The introduction of Christianity to Africa did not help matters. Church officials have cited the Bible, particularly the book of Corinthians, to justify the persecution of Gays and Lesbians. The fiasco in the Anglican Church over the appointment of gay bishops has renewed resentment against gays and lesbians.

One of the countries in Africa that has laws that recognise gays and lesbians is South Africa. Section 8 of the Charter of Fundamental Rights recognises protection against discrimination on the basis of sexual orientation among other things. However, the situation on the ground is different. The Lesbian Forum, a South African based Lesbian rights organisation reports about gangs, particularly the Jackrollers gang rape anyone they suspect to be a lesbian.

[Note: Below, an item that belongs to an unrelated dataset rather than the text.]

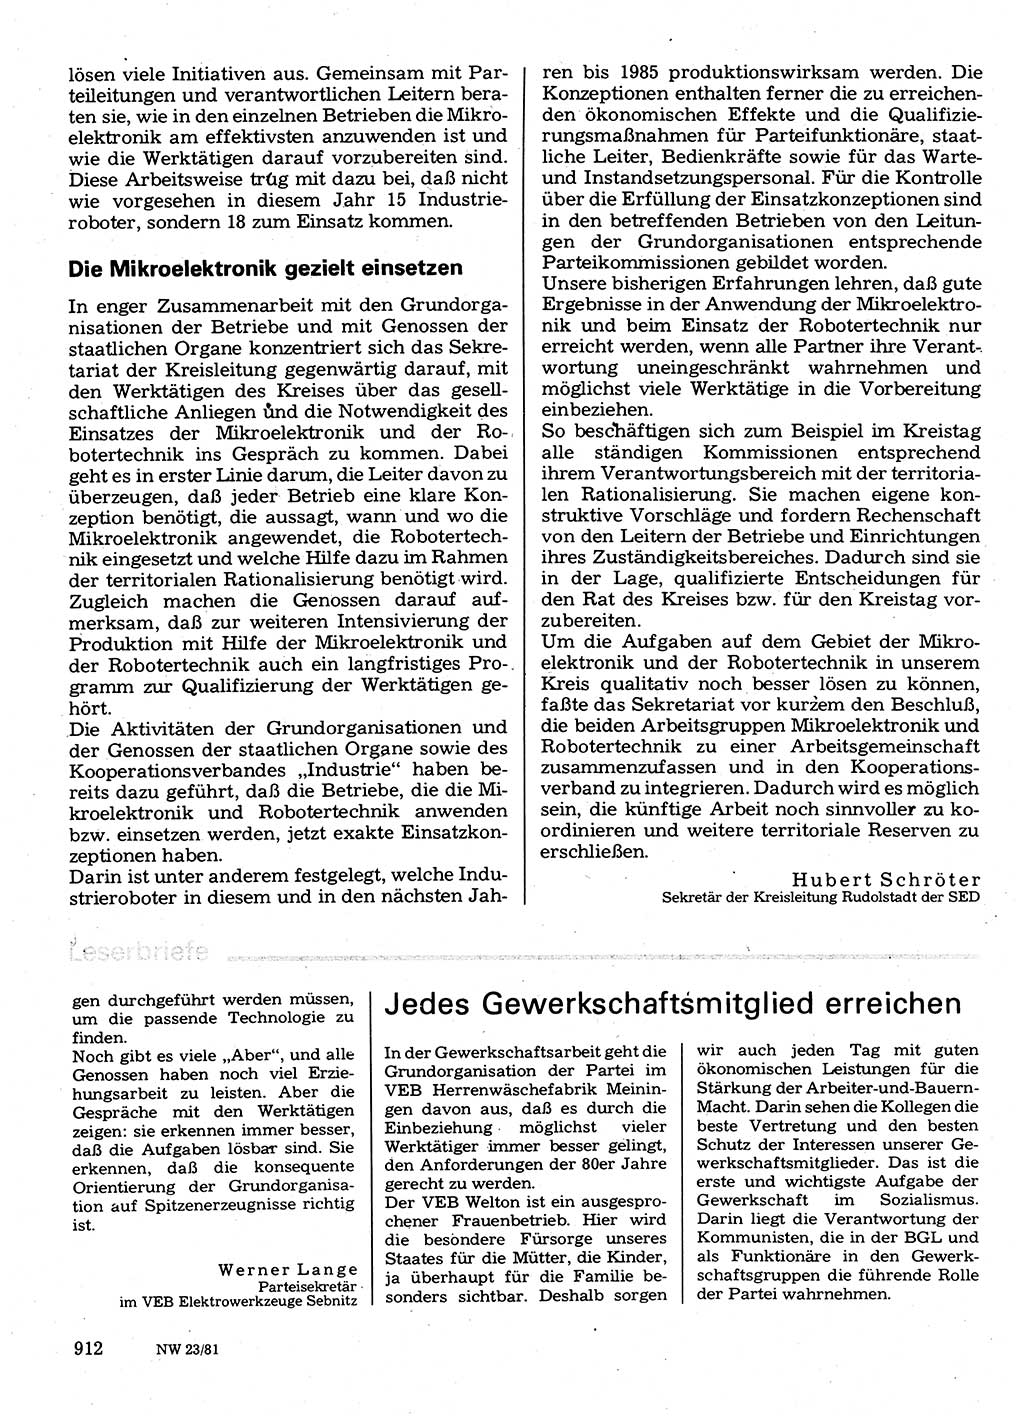 Neuer Weg (NW), Organ des Zentralkomitees (ZK) der SED (Sozialistische Einheitspartei Deutschlands) für Fragen des Parteilebens, 36. Jahrgang [Deutsche Demokratische Republik (DDR)] 1981, Seite 912 (NW ZK SED DDR 1981, S. 912)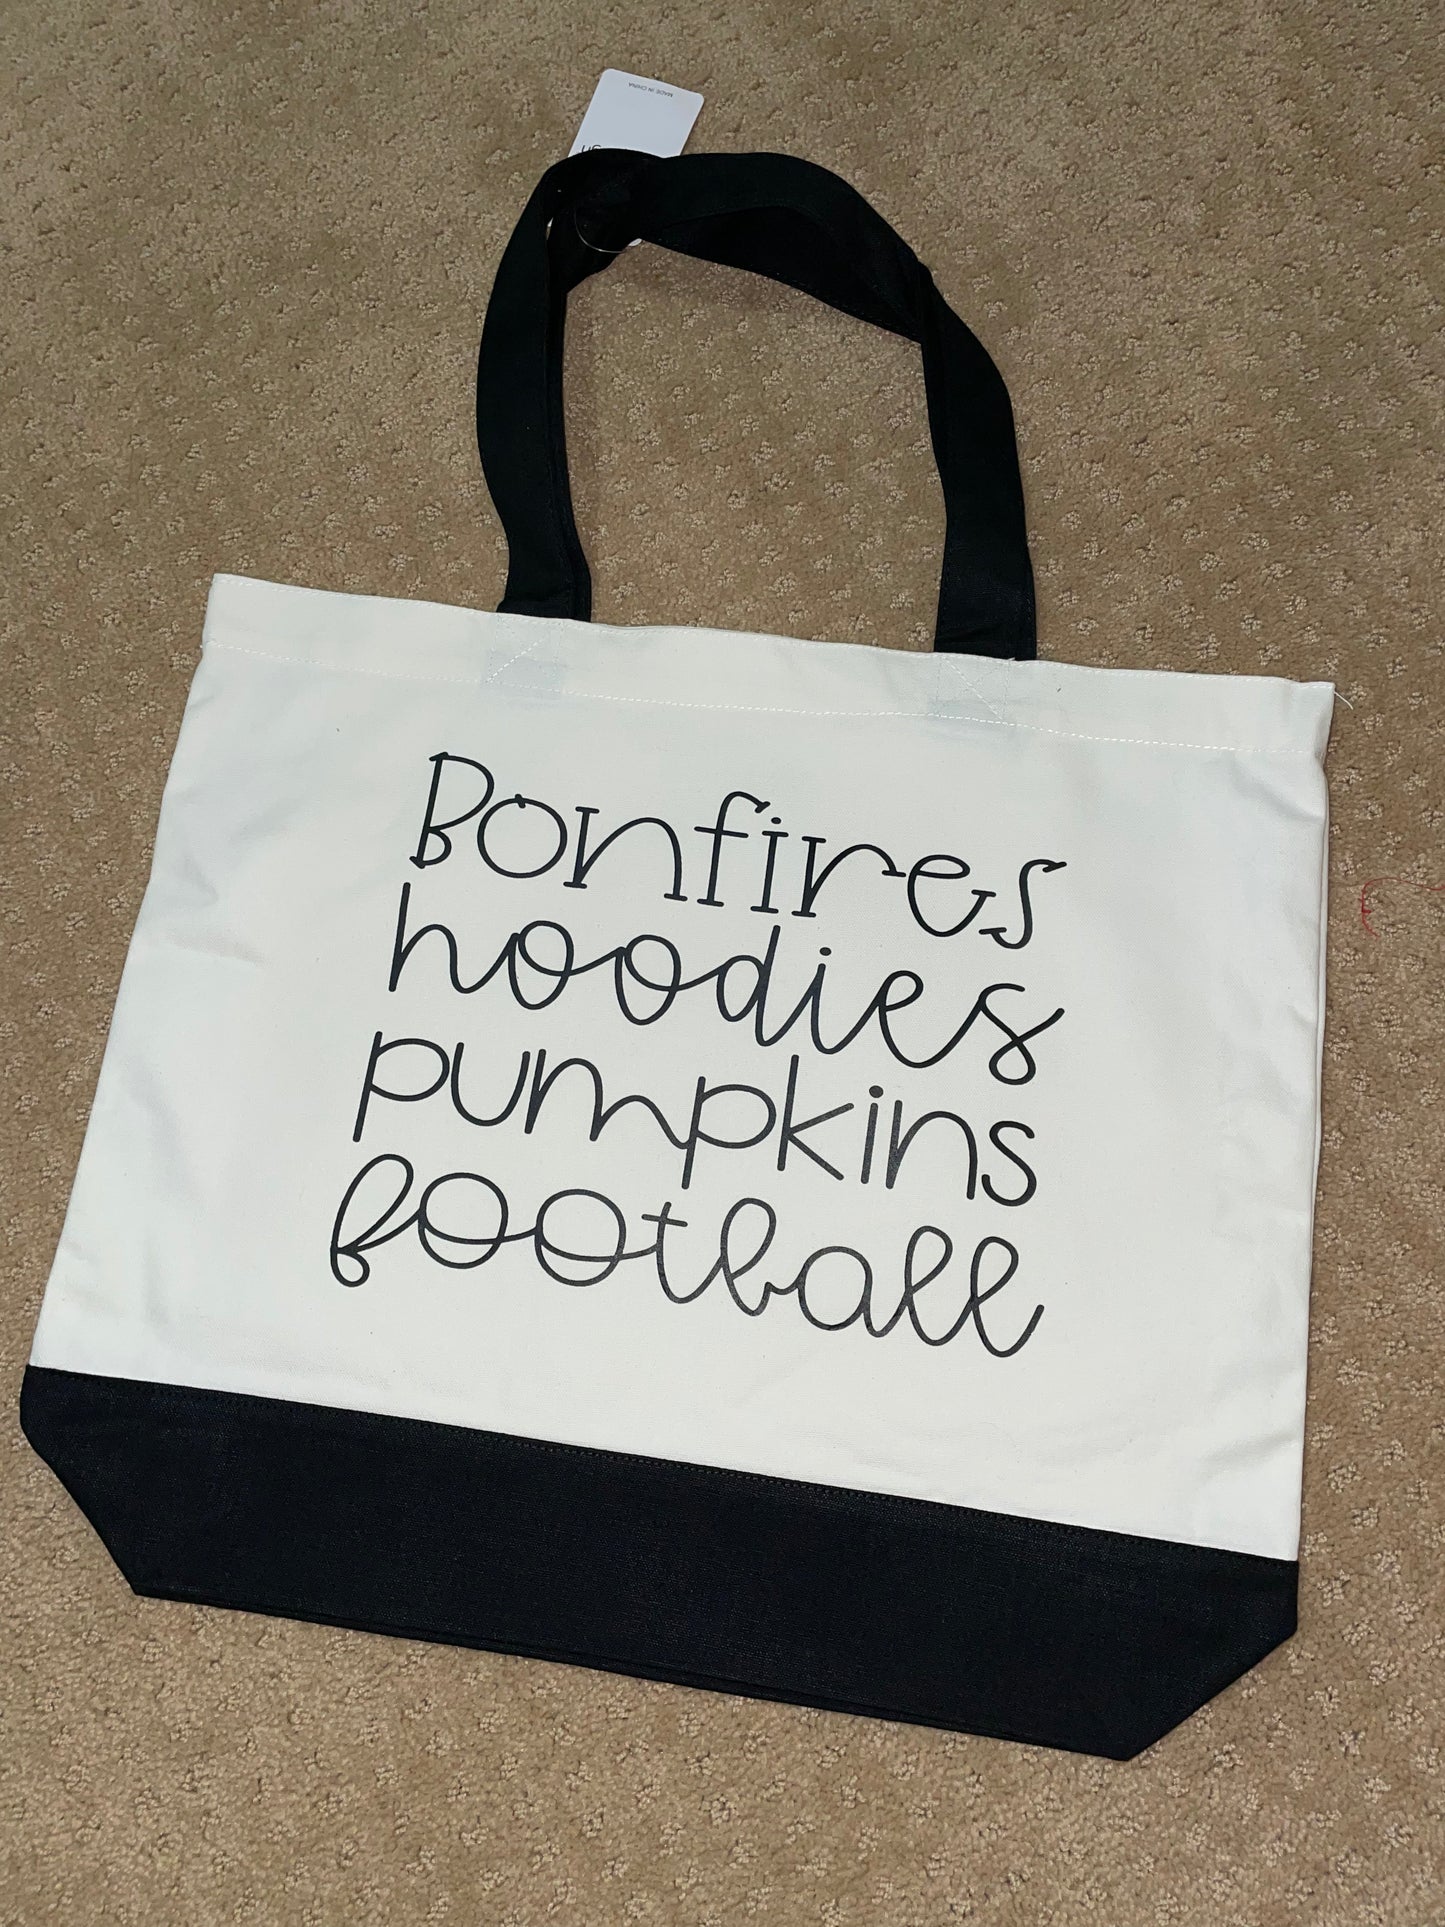 Bonfires, Hoodies, Pumpkins & Football Bag

While homophobia in Africa is rampant, there is need for governments to come up with laws that protect homosexuals. Sexual orientation is a human right and homosexuals have a right to be protected by the state. Governments in Africa should create an environment that upholds the rights of homosexuals. This will reduce stigma and discrimination, increase understanding and awareness and ensure that the rights of every individual are respected and the responsibilities of every individual are understood. The fact that Uganda’s argument is steeped in the colonialism argument may tempt other African leaders that have problems with the west to use the issue to get back to the former colonisers

The precedent set by Uganda will leave an indelible mark on the cultural and religious attitudes towards gays and lesbians by Africans. The piece of legislation takes sexual rights activists a long way back in efforts to achieve the right of all persons, free of coercion, discrimination and violence, to the highest attainable standard of sexual health, including access to sexual and reproductive health care services; seek, receive and impart information related to sexuality; sexuality education; respect for bodily integrity; choose their partner; decide to be sexually active or not; consensual sexual relations; consensual marriage; decide whether or not, and when, to have children; and pursue a satisfying, safe and pleasurable sexual life.

Reference:
1. Rachel Rosenbloom (Ed), Unspoken Rules. Sexual Orientation and Women’s Human Rights, Cassell, 1996.
2. Gays and Lesbians of Zimbabwe, Unspoken facts. A history of homosexuality in Africa, Gays and Lesbians Association of Zimbabwe, 2008

Comments

jadefrank's picture

unbelievable

Hi Gertrude,

Thank you for telling this urgent story of the persecution of homosexuals in Africa, most significantly in Uganda. It is difficult to imagine the reason for such hate and discrimination against our own brothers and sisters - condemning someone because they are different and blaming them for an epidemic.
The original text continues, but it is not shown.